[labnetwork] TGMS Emergency Response Cordination

Luciani, Vincent Vincent.Luciani at nist.gov
Wed Jul 22 08:07:47 EDT 2015


Hello Corey,

A couple quick answers:

Here at NIST, we coordinate closely with the NIST Fire and Police Departments.
We have automatic shut-off valves but evacuate for all high alarms
We treat every alarm response as real even if we have high confidence that it is a false alarm.
We have an auto dialer that alerts me and the whole NanoFab staff to any alarm or system error.

John's response was (as usual) right on but I wanted to put in my 2 cents about false alarms.  I have been forming, training and participating in Fab emergency response teams (ERT's) for over 30 years and I have a particular dislike of false alarms because of the huge risk if people start assuming they are false.  I want to share a bit of what I learned.

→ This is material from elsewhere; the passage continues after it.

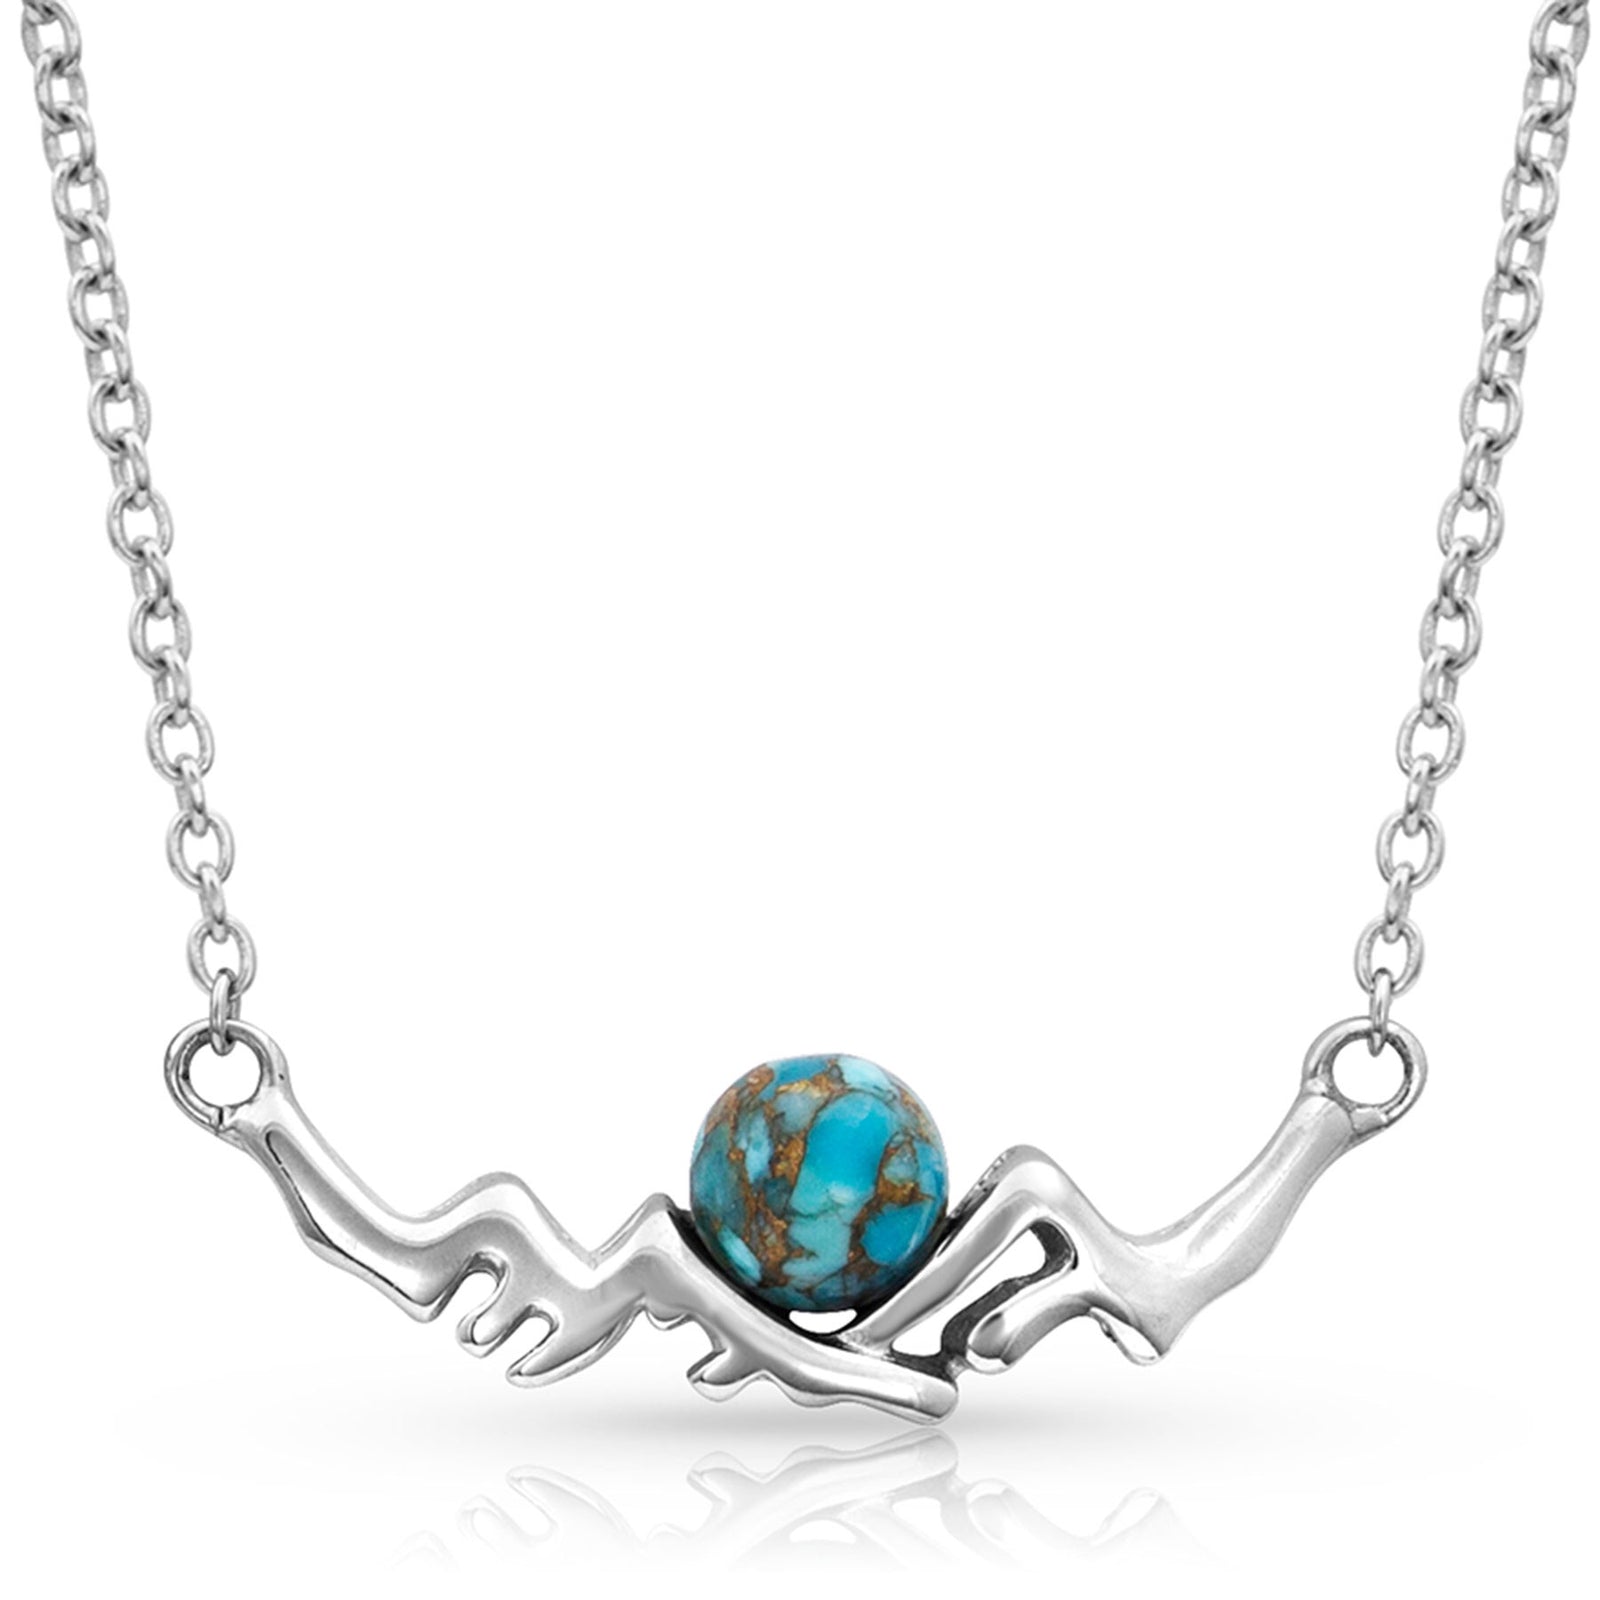 Pursue the Wild Mountain Turquoise Necklace

You must have an agreement with all responders (ERT, site Fire Dept. etc) that all alarms are treated as real.  This is difficult when you are plagued with false alarms.  However, in return you commit to getting to the root cause of every false alarm and implement a fix.  I have successfully almost eliminated false alarms by tenaciously pursuing the root cause of each until I found it.  If I were to Pareto chart the causes of false alarms it would look like this (we have the Honeywell sensors)

1) Someone doing work near a sensor that they did not anticipate setting it off:  Jarring it, soldering nearby, pulling wires in the same conduit.
2) Sensor cartridges getting old.  We replace many of them every 6 months.  Some can go a year as specified.
3) Cross sensitivity.  A very insidious problem.  I have had teams of chemists working on finding what caused a sensor go off.  For example, we learned that burning mercaptan (the stuff that makes natural gas smell) will set of a chlorine sensor.  Honeywell confirmed this.  I learned this after fumes from our propane powered forklift on the loading dock set off an HCL sensor a couple times.

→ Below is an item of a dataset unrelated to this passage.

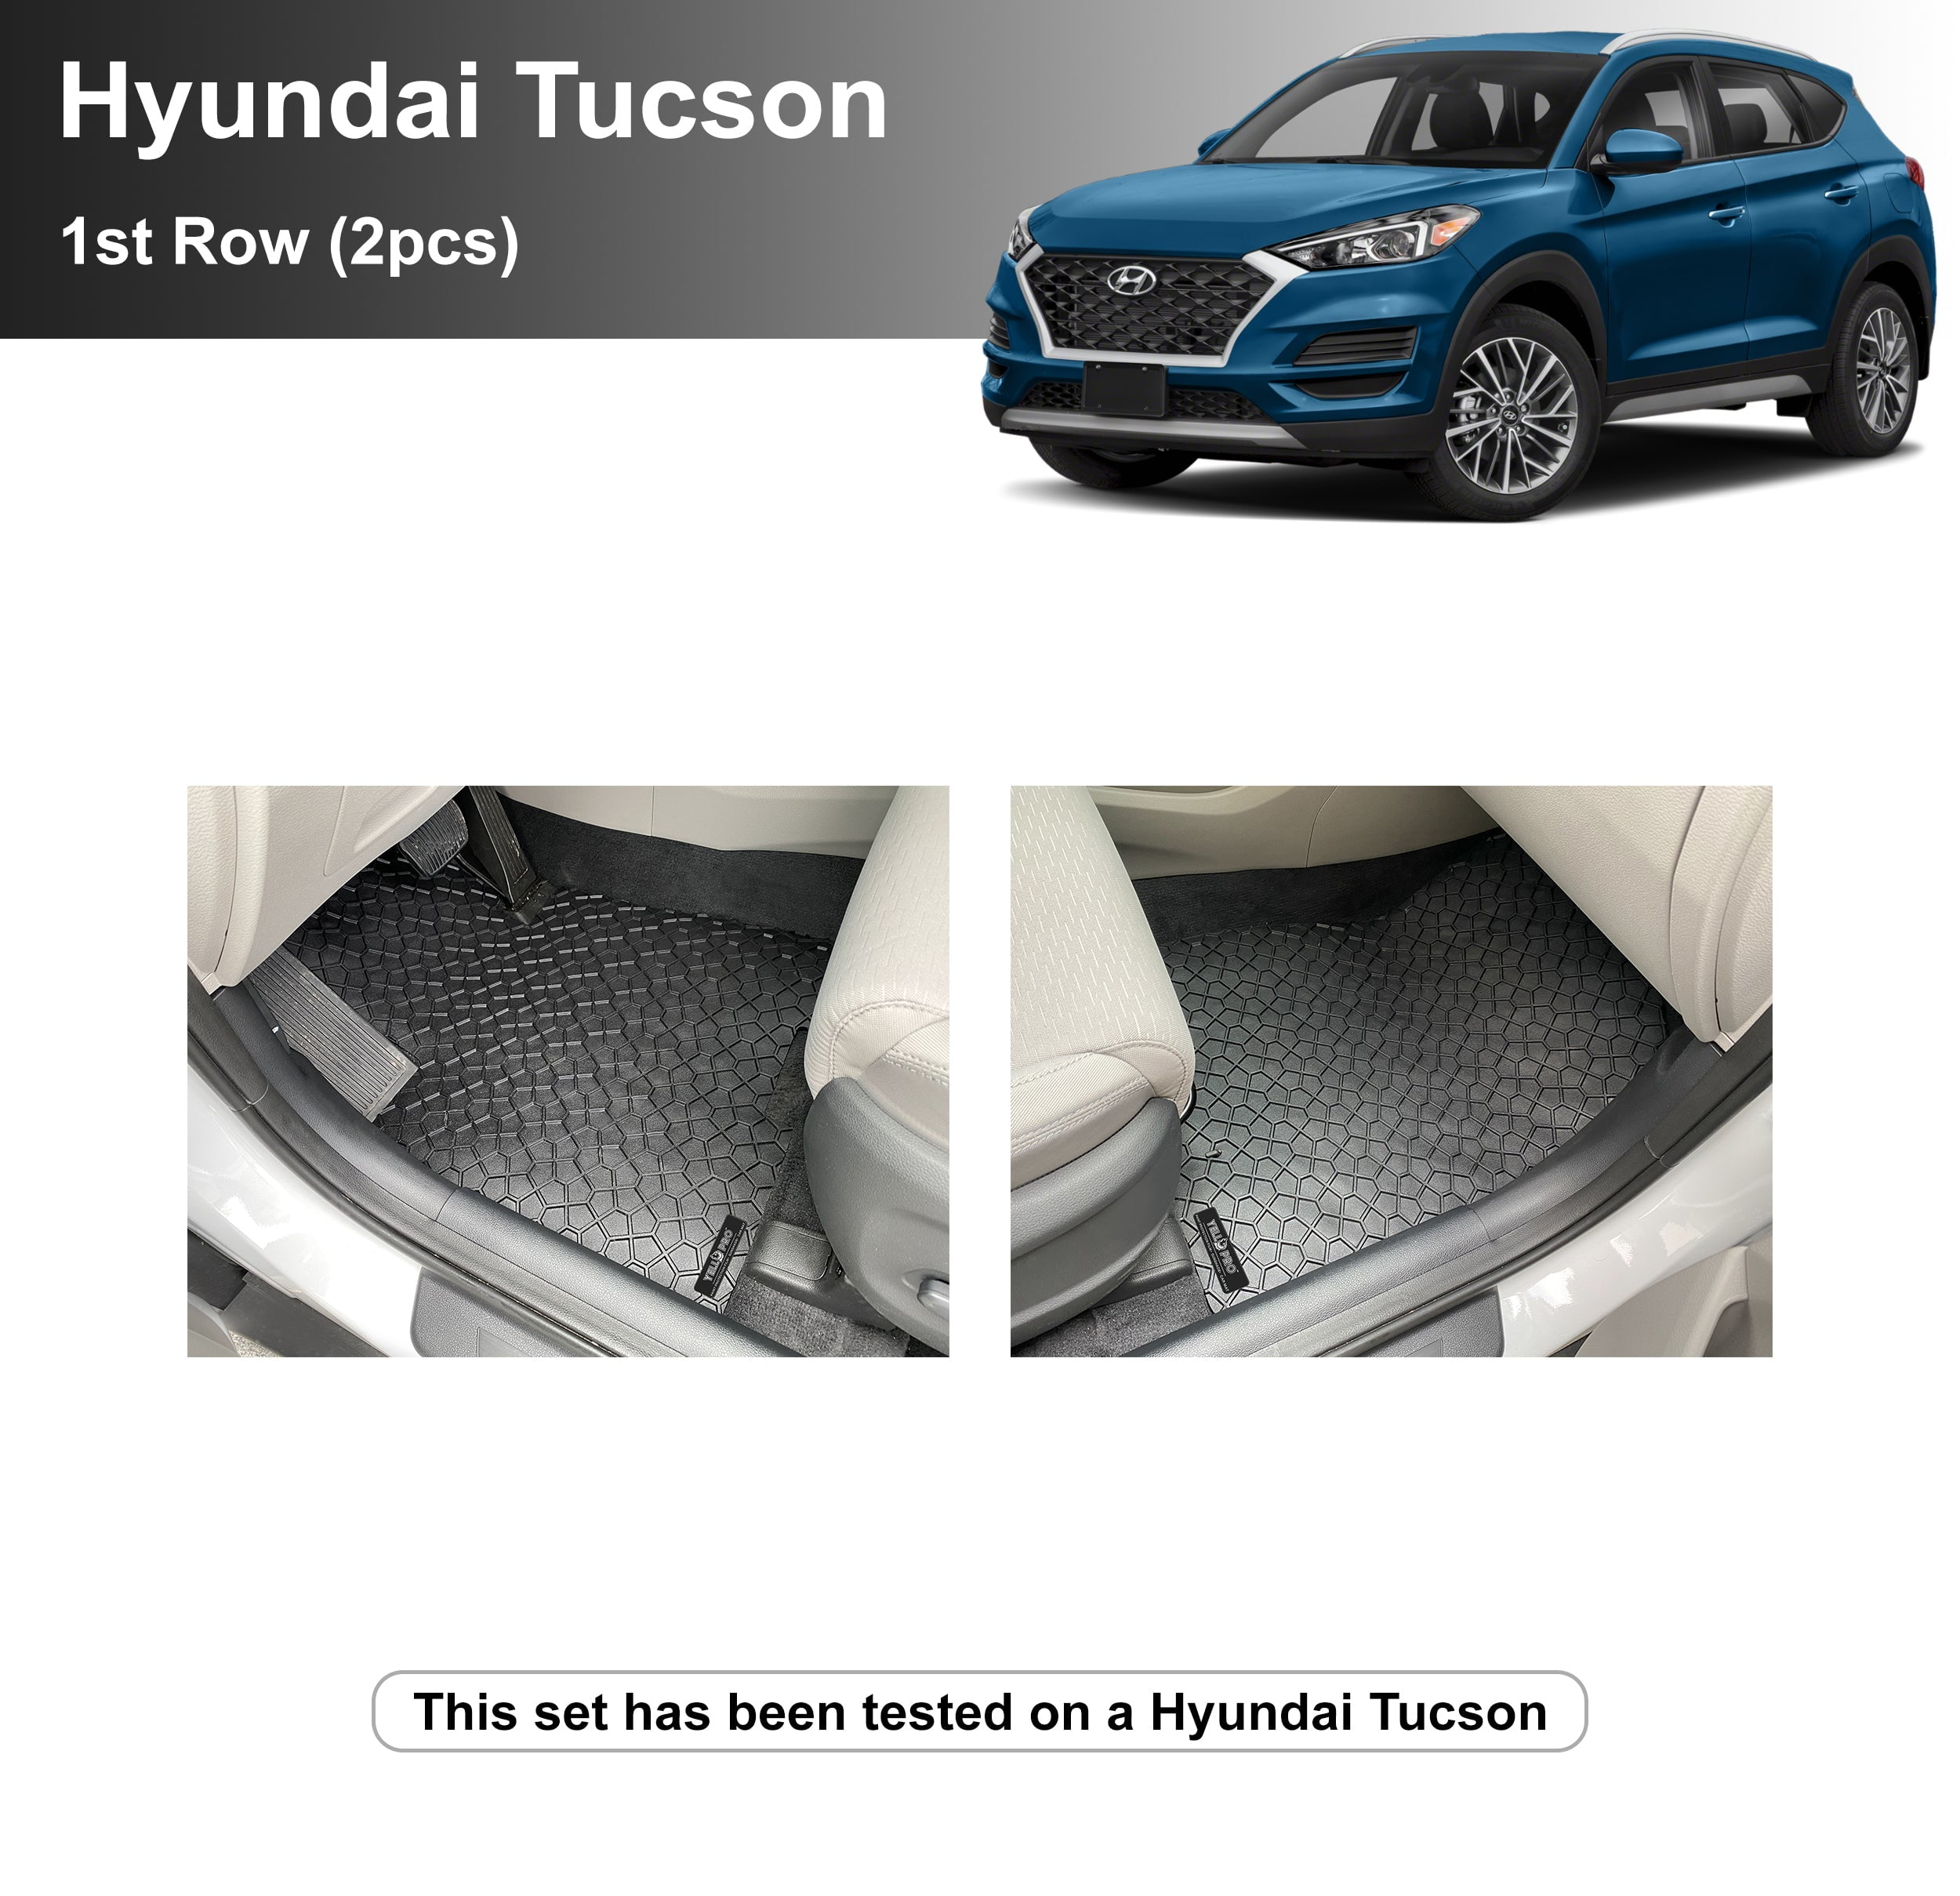 15 on Hyundai Tucson HEAVY DUTY CAR BOOT LINER COVER PROTECTOR MAT

Summarizing, my personal recommendations:
Treat every alarm as real, no matter how painful.
Go after the root cause of every false alarm like a hound dog.
Keep the responders updated and involved in the effort.

Good Luck,

VInce










-----Original Message-----
From: labnetwork-bounces at mtl.mit.edu [mailto:labnetwork-bounces at mtl.mit.edu] On Behalf Of Corey David Wolin
Sent: Friday, July 17, 2015 11:57 AM
To: labnetwork at mtl.mit.edu
Subject: [labnetwork] TGMS Emergency Response Cordination

Hi All

After a few false alarm with our toxic gas monitoring system concerns were raised with regards to the response from fire and PD. They approach to to the alarms is as if they are all false alarms.  Our TGMS system is set to evacuate the building on any high level gas alarm, which includes the dean's office among all other engineering administrative staff.  They also don't contact anyone on the alarm contact list for after hours alarms which is very concerning. This was determined after looking through the alarm history.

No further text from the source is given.